Third is to promote trust through transparency and responsiveness. To build long-term innovative capacity, citizens must trust that the government has their best interests at heart; otherwise, they are unlikely to cooperate with user-centered approaches and accept the outcomes of new policies and services. Governments can help build this trust by being open about activities and decisions that affect people. However, transparency is not enough. Citizen input must be considered and acted on, as appropriate, in visible ways.

Finally, the government should forge partnerships with all relevant players. Although many countries are insourcing and building up skills and abilities inside governments, governments cannot do it all. Strategic and ongoing partnerships must be forged with civil society organizations, businesses, experts, and the public. Each of these has unique strengths and competencies, and innovation in government accomplishes its biggest successes when all three come together. Civil servants must therefore have the ability to balance and interpret the sometimes competing priorities of these different groups, and be empowered to make decisions on how to proceed with what they learn. Governments from other jurisdictions and countries can also serve as useful partners, as many share common challenges and may have devised solutions that can be replicated or learned from.

The so-called Comelec debt fiasco with Sofitel is a classic example of how public or government finances work. Citizens may surmise all types of allegations here - but for me, I still want to see it as part of the procurement process. Government procurement process is a nightmare. So, for innovators who want to fully actualize and create really mind-blowing impactful programs in government, think again.

The government bias toward hard projects is not only a political thing -- it is a whole-of-government mindset. The process, the red tape, the dynamics, the politics, the lack of foresight, and many more -- all rolled into one fiasco.
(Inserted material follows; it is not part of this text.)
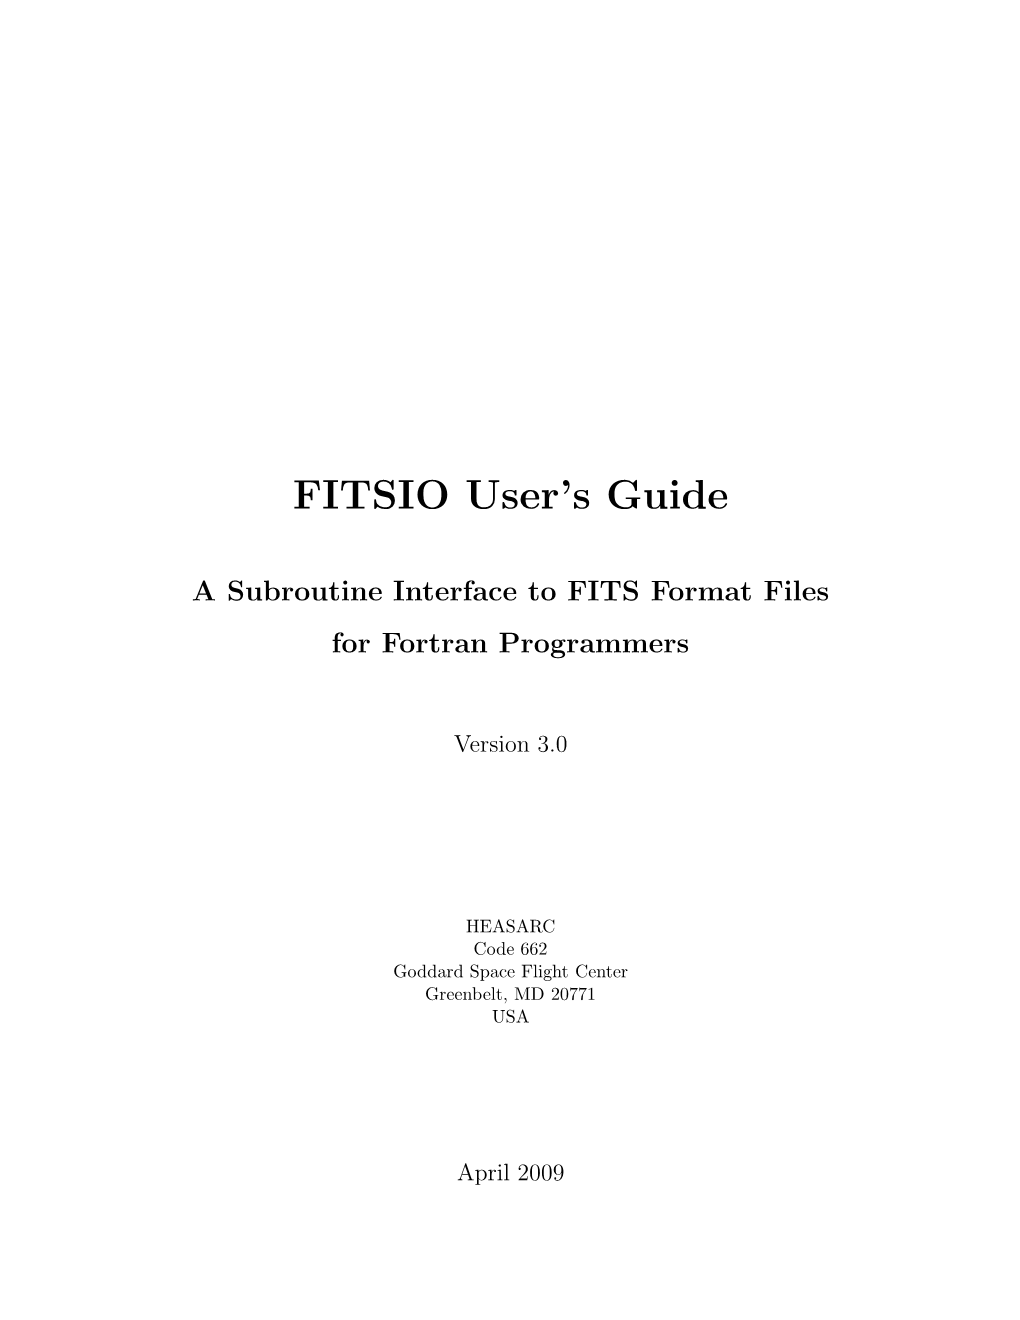 FITSIO User's Guide

It is easier to procure a ballpen and paper than fund an innovation project. In the middle of my term as councilor, I was forced to choose to recommend a drainage construction instead of a holistic set of interventions to upskill and reskills the workforce for various niche areas like software development, animation, game development and other technologies. I know the drainage work is important and in fact, should be taken from the general fund and not on a project fund supposedly for programs I wish to recommend under my committees.

In one instance, I was able to secure a national government sponsorship for a major tourism project in Bacolod -- funds to pay for the convention hall. I rigorously processed the papers but due again to political dynamics and the protracted process, the national fund was never released, and I paid the convention hall on my own in monthly installments because the amount was huge. That is the reality of government finances. This is the frustration of people who want to do more inside government.

Today, the government probably, both at the local and national level, is a contender for the greatest number of long-standing accounts with the private sector. Before we criticize people in government about transparency and accountability -- let us understand -- how slow, restrictive, limited, shortsighted public finance is in the Philippines. It is like there is a consensus that every public fund will be stolen, and will be misused, so let us restrict its use, make the process tedious, and limit how it can be used. Sadly, the result is different - for innovators who want public resources to be put to good use -- we leave the system. For those who do not care how it is used, they follow the rules but find a way to misuse the funds.